A pair of Arab tomb-raiders are pillaging an ancient Babylonian ruin, when they accidently set free the ancient vampire Daimon. Daimon travels (for no apparent reason) over the sea to Japan, and takes over the body of the magistrate. After he trashes shrines, kills the dog, and starts sucking blood out of his servants, his daughter Chie (Akane Kawasaki) and her boyfriend Shinhachiro (Yoshihiko Aoyama) start to figure out that there's something wrong.

Daimon also evicts the house's water demon (or kappa), who flees to the Monsters' Shrine to ask for help from other apparitions. The other spooks don't believe him, until a pair of fleeing children confirm his story. Now they must wage war against a creature much more powerful than any of them -- and even killing Daimon might not end the battle.

Women with two faces. Kappas. Long-necked goblins.
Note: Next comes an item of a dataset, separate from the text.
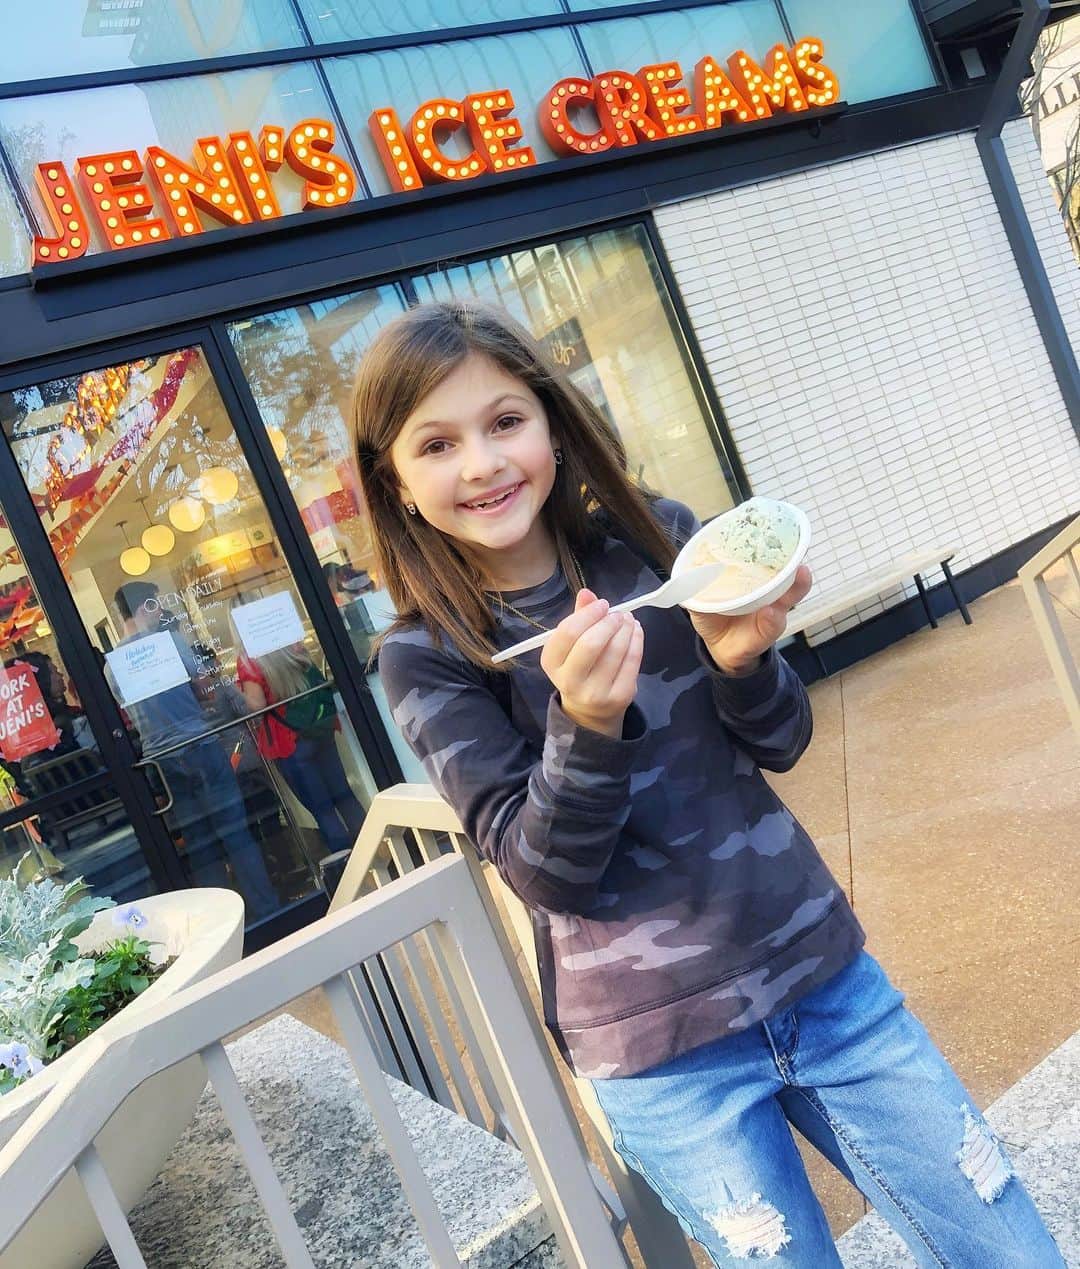 Angie Keiserのインスタグラム：「This was her 10th birthday lunch. As Cincinnati natives, Graeter’s was always our #1, but we’re now officially team @jenisicecreams 🧡 Sydneys favorite combo is green mint chip + coffee with cream and sugar 😋  And because we always get a lot of allergy questions when we post about ice cream shops, here’s how we approach it:  1. We KNOW there is always a risk of cross contamination. Period. There is. 2. We research before we go. I adore jeni’s for a million reasons but listing the allergens right on all the flavor cards makes me feel like they care 🧡 3. We go during non-peak times. Because if I have questions, I don’t want to slow them down from taking care of a long line of people. 4. We ask questions. We tell them about the allergies. And we ask if it’s possible to use a freshly cleaned scooper to minimize the risk of cross contamination. 4. We ask everything with genuine respect and a smile. We find that when we give it, 9 times out of 10, we get it back. 5. If we have any hesitation AT ALL, we walk. 6. We never ever go without epinephrine. Ever. If we ever realized we didn’t have it, we wouldn’t order. Period.  Hope that helps! Now tell us, what your favorite ice cream is 🍦」

And ghosts with long weedy hair. Most of these aren't familiar to American moviegoers, but anyone who knows about Japanese lore will know why these are all in this movie. And it's loads of fun to see them try to oust the outside that's infringing on their turf.

What makes this movie different from most period flicks is the sense of humor. The various spooks tend to bumble and make mistakes (including getting sucked into an enspelled jar), before finally taking on a hundred-foot-tall Daimon. And the dialogue tends to be kind of wacky, at least (there's a special "Monsters Social Register" book).

Since this movie was made in the 1960s, there are a lot of rubber suits -- Daimon looks like a rubber dinosaur, and a lot of the spooks have papier-mache heads. And I won't get into that one-legged umbrella. But the actors do a good job with odd body language (like the kappa's flailing and crouching), and the humans even get some cool swordfights.

"Yokau Monsters - Spook Warfare" lives up to its name, with plenty of Japanese monsters and goofy antics. A charming cult film.